There is an component adapter for the Framemeister and I *DO* have that adapter, looks like I bought it when I got the Framemeister.  I'll add that to the order when getting the new RGB mod.  They're sold out. 😞

Looks like you could still order it from Australia though: https://etim.net.au/shop/shop.php?crn=210&rn=552&action=show_detail Shipping might be crazy-expensive: https://etim.net.au/shop/shop.php?sc_page=104

 

21 minutes ago, ZeroPage Homebrew said:

I think I'm able to answer my own question here... I just looked up the Mini-DIN 8p wiring board they supply with the kit (see pic below) and it looks like it doesn't wire in the L+R audio lines? Could verify this on your end Nathan?

That's correct.

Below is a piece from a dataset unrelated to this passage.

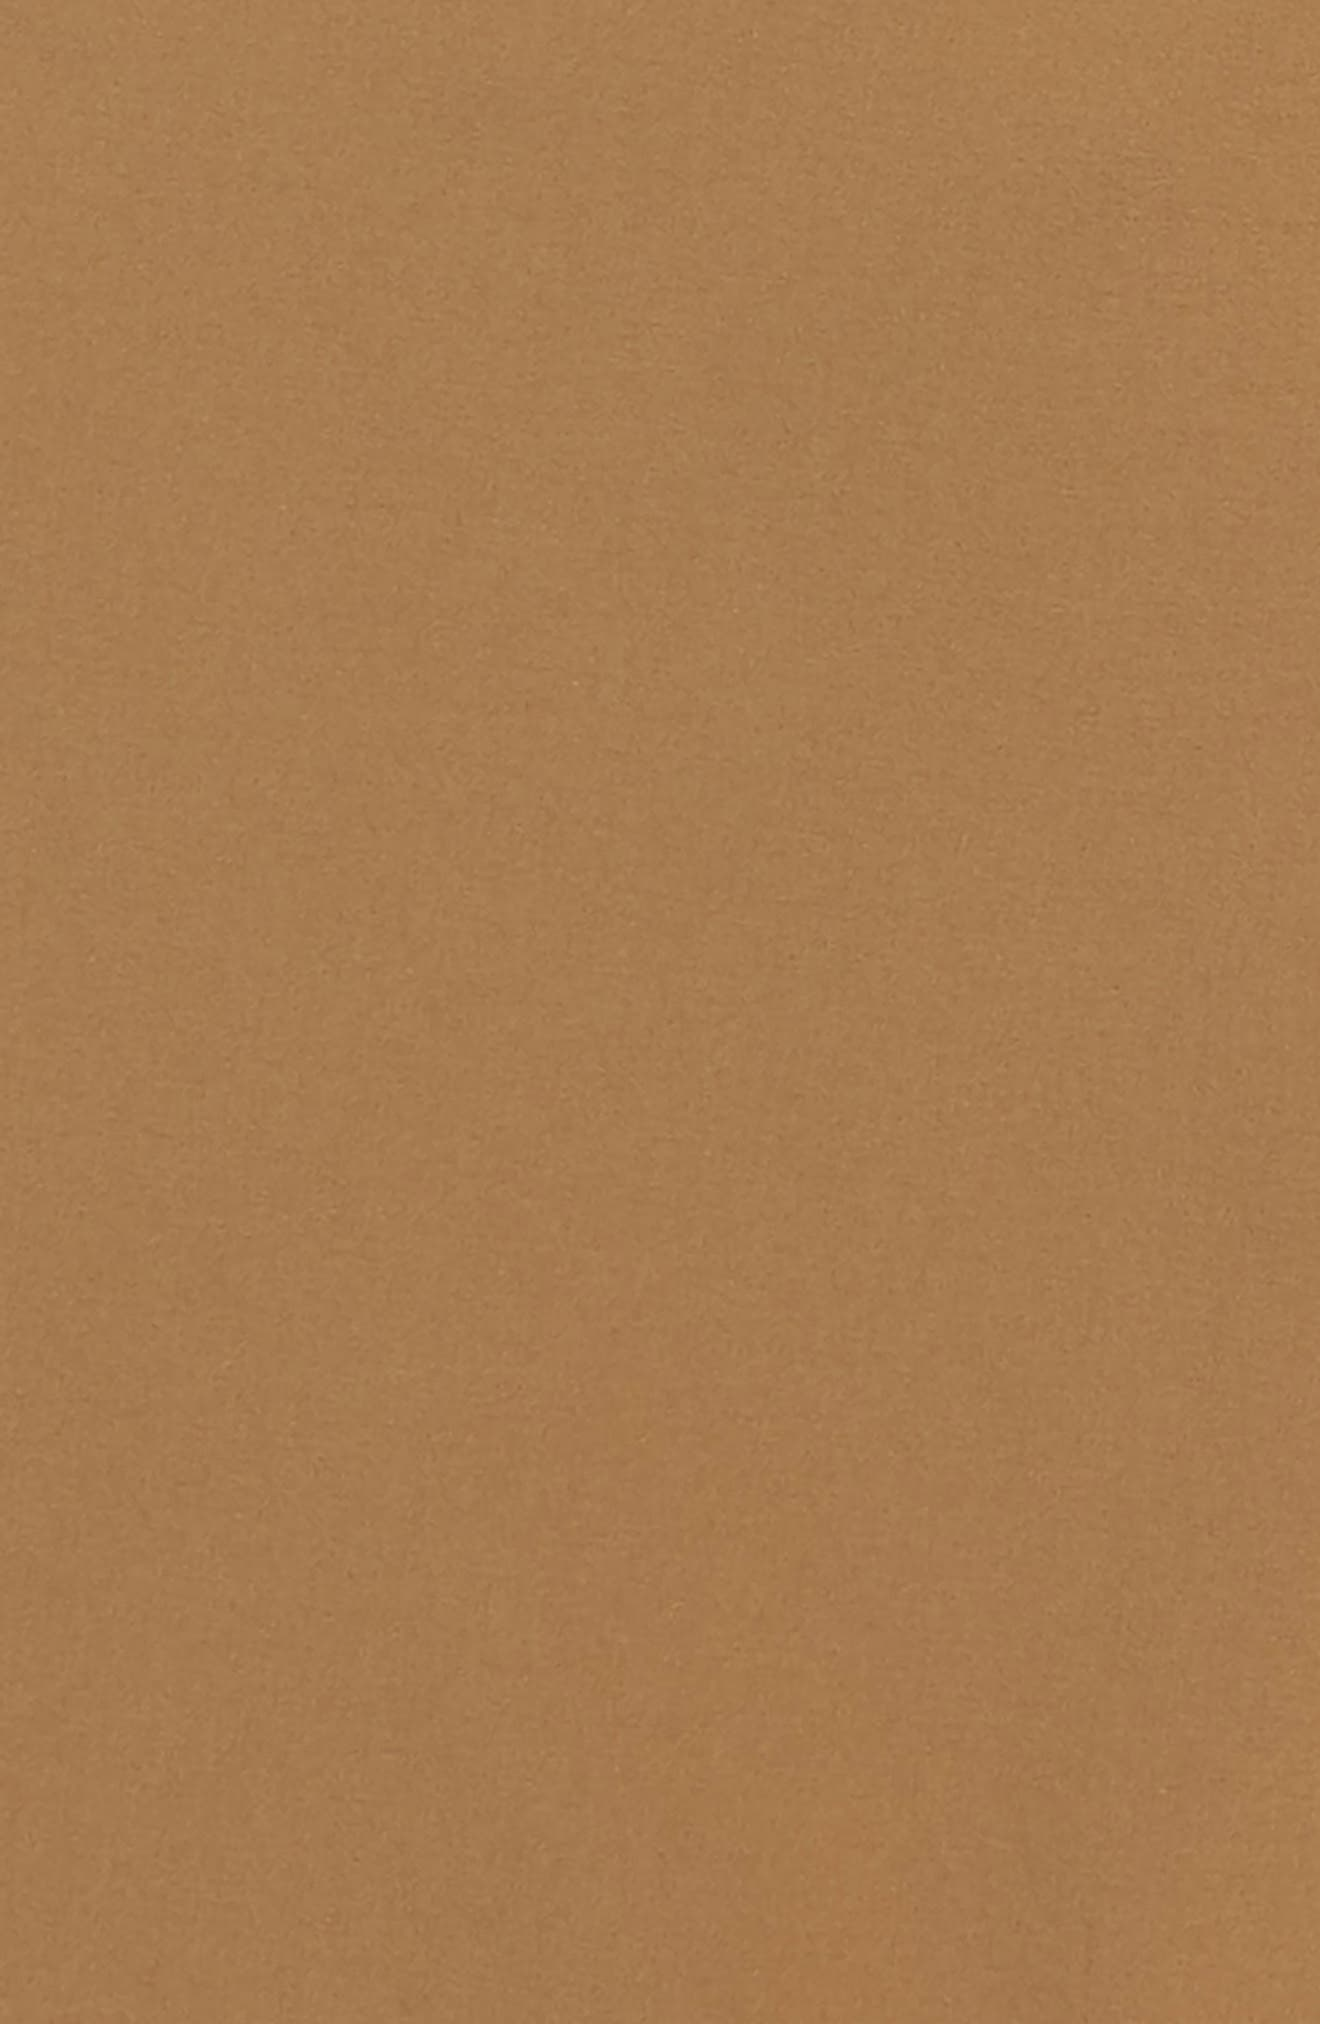 Authentic Decksider Hybrid Shorts,                             Alternate thumbnail 5, color,

On the previous page I posted a close-up of the back of that board. The output of your 2600 is video-only on the mini-DIN. The audio is a separate 3.5mm.

 

21 minutes ago, ZeroPage Homebrew said:

BUT... I found a board that DOES have the L+R audio that looks like it would work:

https://store.retrofixes.com/products/mini-din-8pin-cable-port-kit-great-for-rgb-projects

Should work, as long as the two adapter/cables you sent along aren't doing anything to the signals, other than just adding audio to those pins. While looking at everything initially, I did think it was weird that he didn't just include audio out in the connector.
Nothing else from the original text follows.